Just Eat has rejected a £4.9bn takeover offer from South African company Prosus, part of conglomerate Naspers, deciding instead to press ahead with its merger with Dutch rival Takeaway.com (The Guardian). Naspers, the South African tech conglomerate, has tried to gatecrash a merger of two of Europe’s biggest food delivery groups (The Financial Times £). The board of Just Eat is under pressure after it rejected a hostile £4.9 billion bid from a South African technology investor that threatens to scupper a proposed merger with Takeaway.com (The Times £). Prosus approached directly investors, in what is called an hostile takeover, sparking hopes for a bidding war (The Telegraph). But Just Eat urged shareholders not to accept the 710p per share deal (Sky News). Analysts said a bidding war for Just Eat between the two Dutch-based suitors now loomed (Reuters)

Just Eat has found itself at the centre of a feeding frenzy, writes The FT. With activist investors in the mix, including one already alleging stock-price meddling, the stage is set for the most competitive takeover situation that the UK has seen since last year’s shootout for Sky. (The Financial Times £)

Uber Eats struck a deal with convenience store chain Costcutter, allowing over 1,700 shops to sell everyday items via the app, as the delivery business follows its peers and enters the grocery market (The Telegraph).

Reckitt Benkiser cut its financial outlook after reporting a “disappointing” third quarter performance, with sales  up 1.6% to £3.3bn versus expectations of a 3.2% rise. The company expects sales to be flat or grow by no more than 2% this year compared with previous forecasts of 2% to 3% growth (The Telegraph). This is the second time this year that the Durex maker cut its guidance, as it needs to focus on operating performance (Sky News). 

Ministers have called to postpone talks over a post-Brexit trade deal with the US until the drop of new 25% tariffs on Scotch whisky, suits and biscuits. Industry leaders have urged Liz Truss to demand the tariffs’ abolition “as a prerequisite” before negotiations over a free trade agreement can begin (The Times £).

McDonald’s has reported a disappointing slowdown in sales growth in the US, up 4.8% versus analysts’ expected 5.2%, as it missed its third quarter earnings estimates amid fierce competition.
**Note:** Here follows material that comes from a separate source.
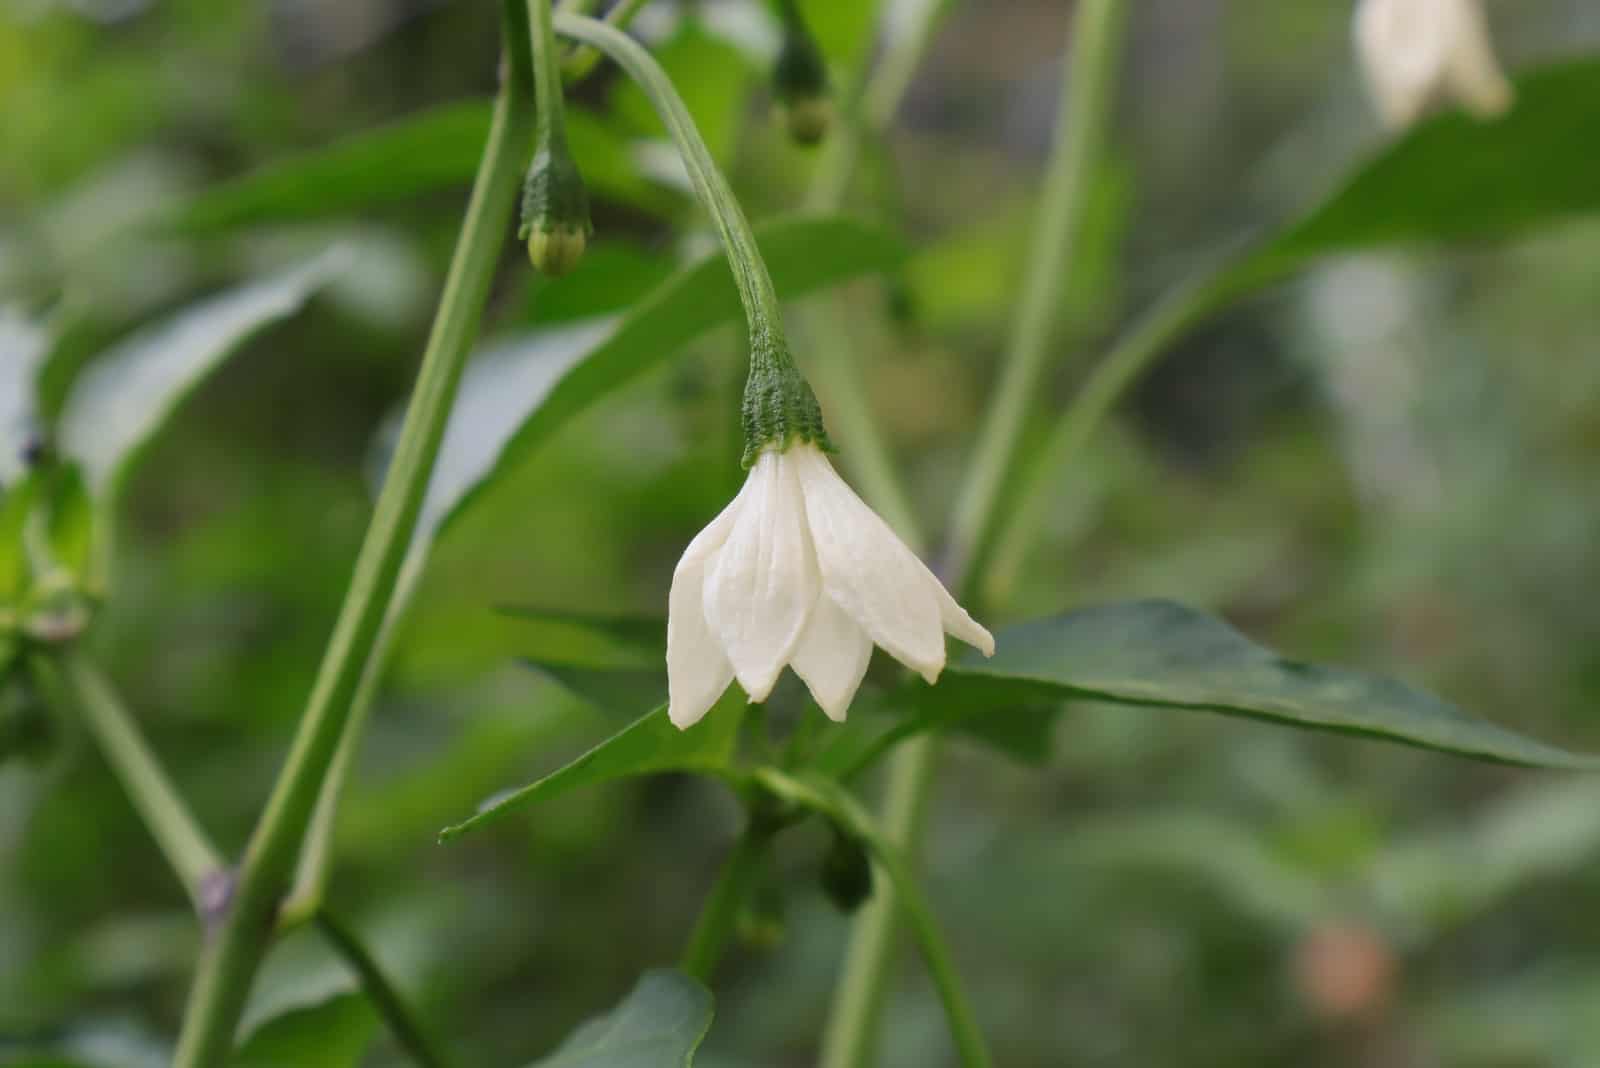 White flower of chili peppers hangs downwards from the stem

Meanwhile, global comparable sales rose 5.9%, marking the 17th consecutive quarter of growth for the fast-food chain (The Financial Times). Shares slumped 5.1% to close at $199.23 in New York last night. (The Times £).

Procter & Gamble has boosted its annual outlook as demand for its premium beauty and skincare products boosted third quarter sales by 7% on an organic basis. The firm now expects full-year sales to rise between 5% and 10% (The Times).

Deliveroo’s highest-paid director, understood by The Guardian to be the co-founder Will Shu, received a 57% increase in basic pay and £8.3m in share options last year, despite widening losses at the food delivery firm (The Guardian).

French retailer Casino rose €1.5bn in bank loans in order to refinance part of its existing debt, which stood at €2.7bn at the end of 2018 (The Financial Times £).